Which brings me to the final clustering on this chart: those Fashion Immune Trads. There are actually many more of these in Vancouver than I could possibly plot. In fact, most people I know have one or two of these in their portfolio of favorites. We love these places because they simply do what they do and serve what they serve, seemingly impervious to whatever the reviewers or popularity polls might say. It doesn’t mean that these places are necessarily rude or unfriendly—although in more than a couple of cases, they’re known for it. It means instead that they’re involved in something that has its own internal rhythm, that lives in its own grooves. Pollo alla primavera at Osteria Napoli (-4, -3), blinis with salmon caviar and dill crème fraîche at Le Gavroche (-3, -4), a bowl of Tom Kha Gai at Montri’s (-4, -2), or sticky rice and shrimp dumplings at Sun Sui Wah (-5, -4). These are dishes we seek out with friends when we are just hungry and feel like good food, but nobody really feels like being on the scene.

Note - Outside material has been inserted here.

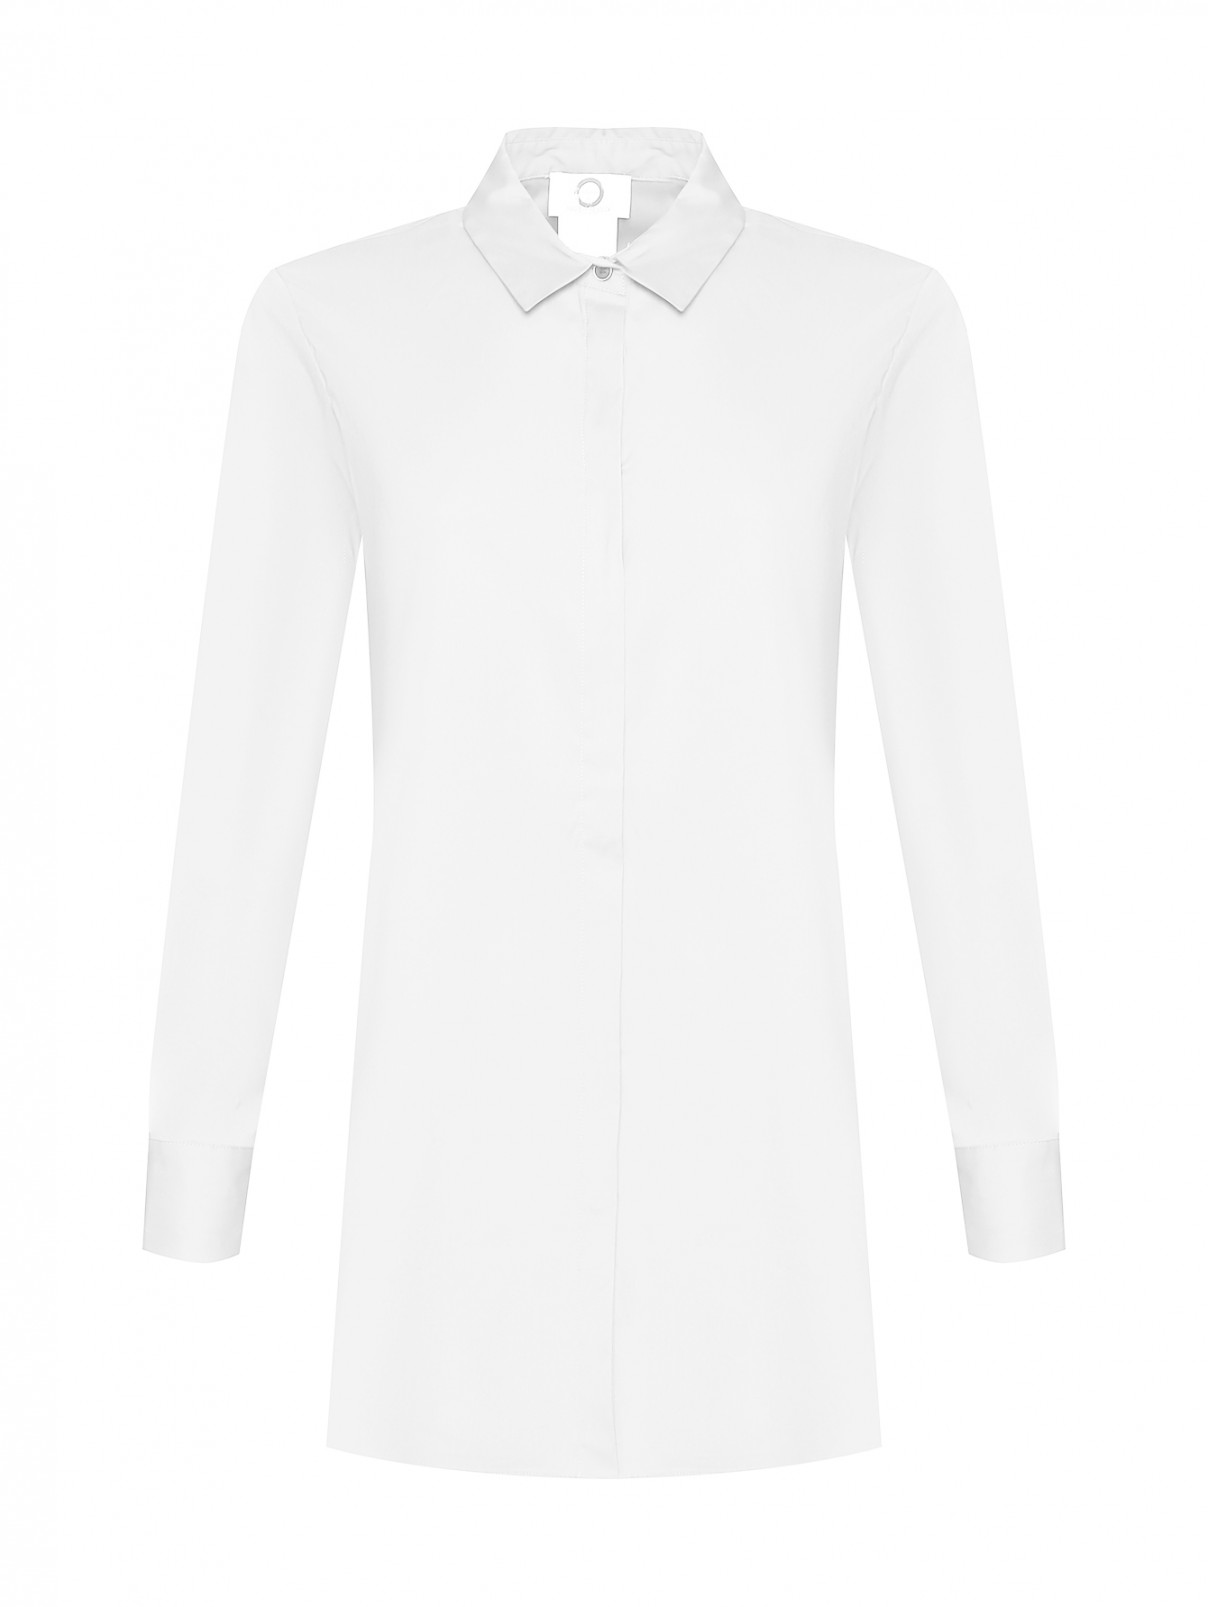 Рубашка с рядом пуговиц по бокам Marina Rinaldi  –  Общий вид  – Цвет:  Белый
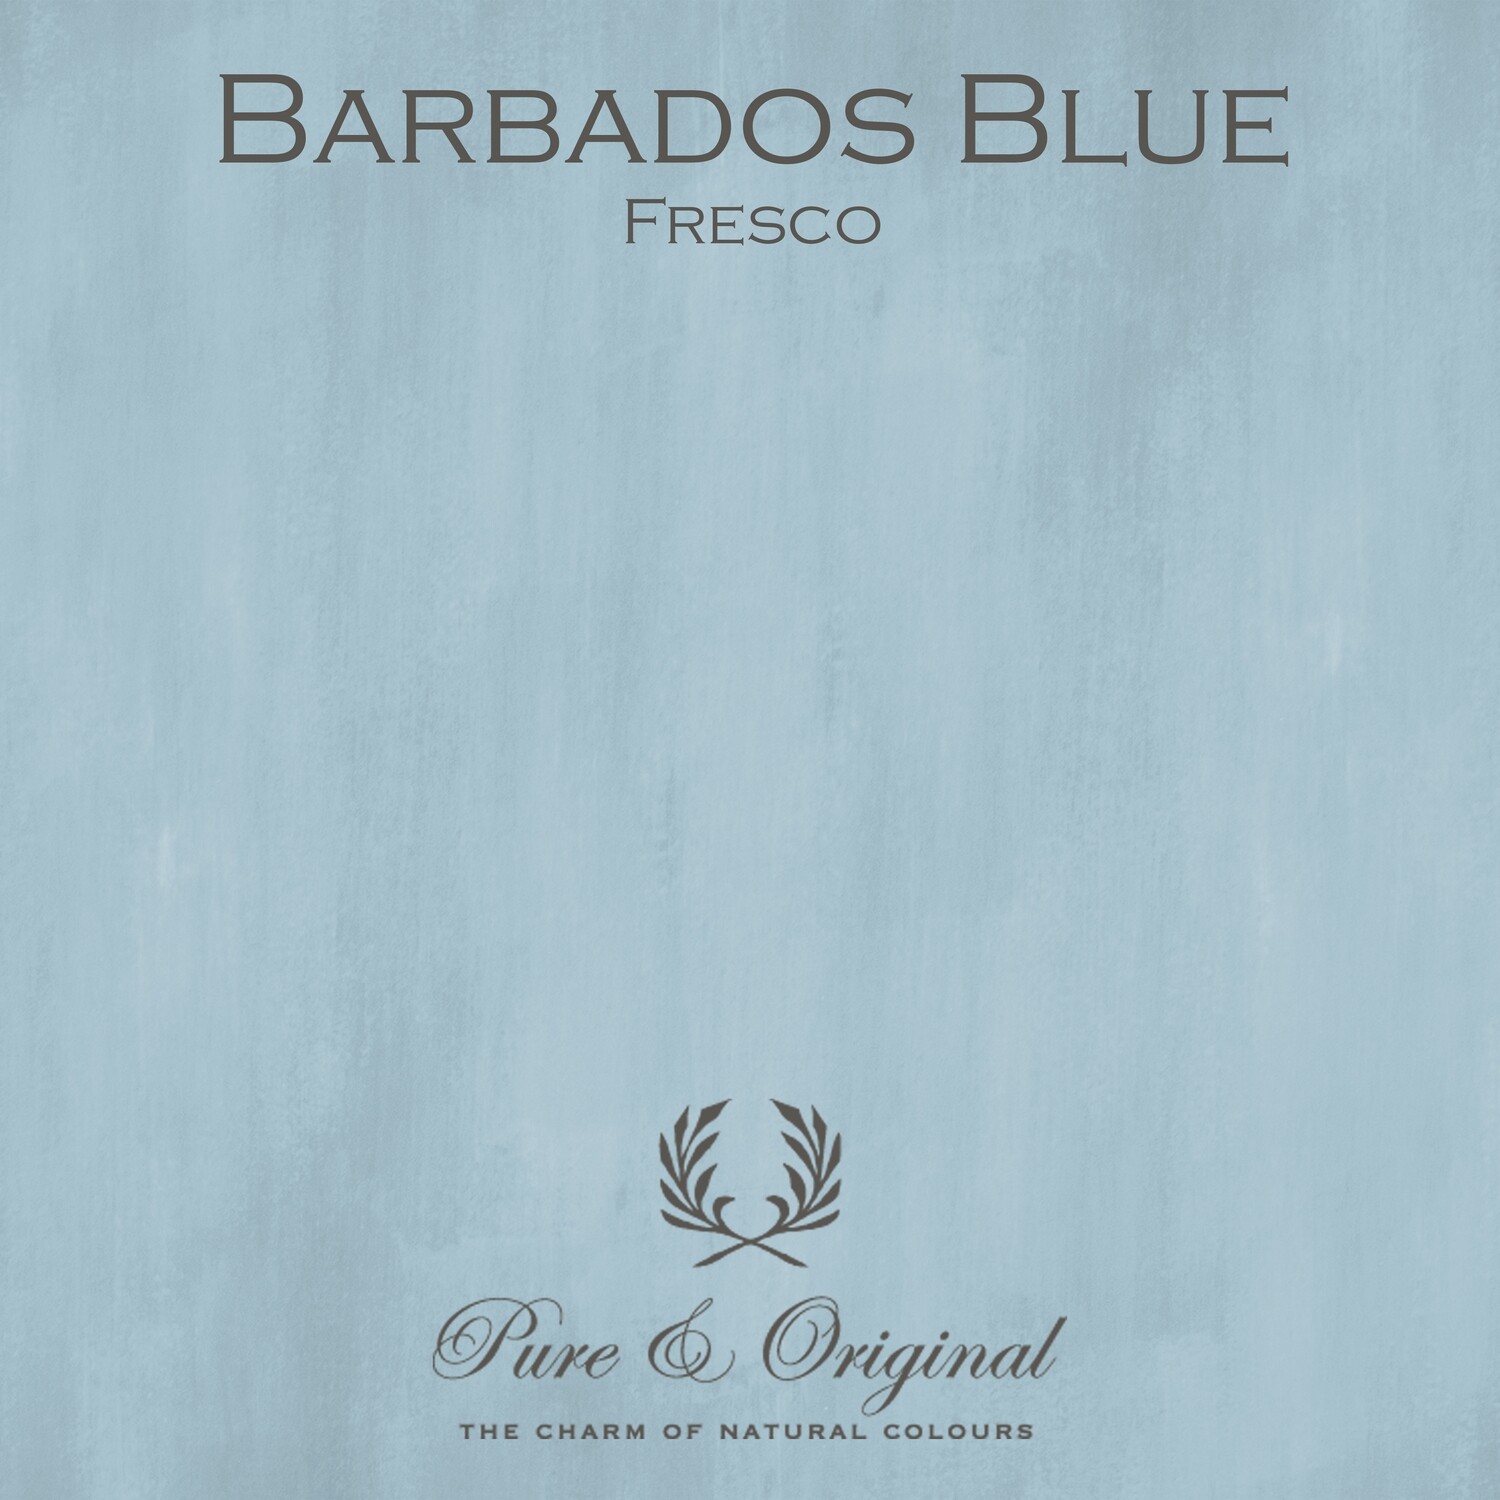 Barbados Blue Fresco

And I’m certainly prone to this mood myself. Most of the time, in fact. So it’s probably no surprise that on my return from Spain, one of the first places the whole family went for dinner together was Olympia Pizza (-5, -5). There we sat and ate exactly what we’d eaten the last time we were there: calamari, tarama, pizza for my five-year-old son, and those incredible, cinnamon-scented meatballs that I’ve been eating at the Olympia for years, and for which I will one day convince a waitress to convince the owner to give me the recipe. Although not yet, apparently. In the meantime, we paged through pictures on my phone together. And when we came to Markina-Xemein and that tureen of orange potatoes, neither my son or my wife were the slightest bit alarmed by it, as I had been on that first encounter those many weeks before.

My son only squinted and said: “Um… what is it?”

So I was able to explain it to them. That, I said, that was perfection.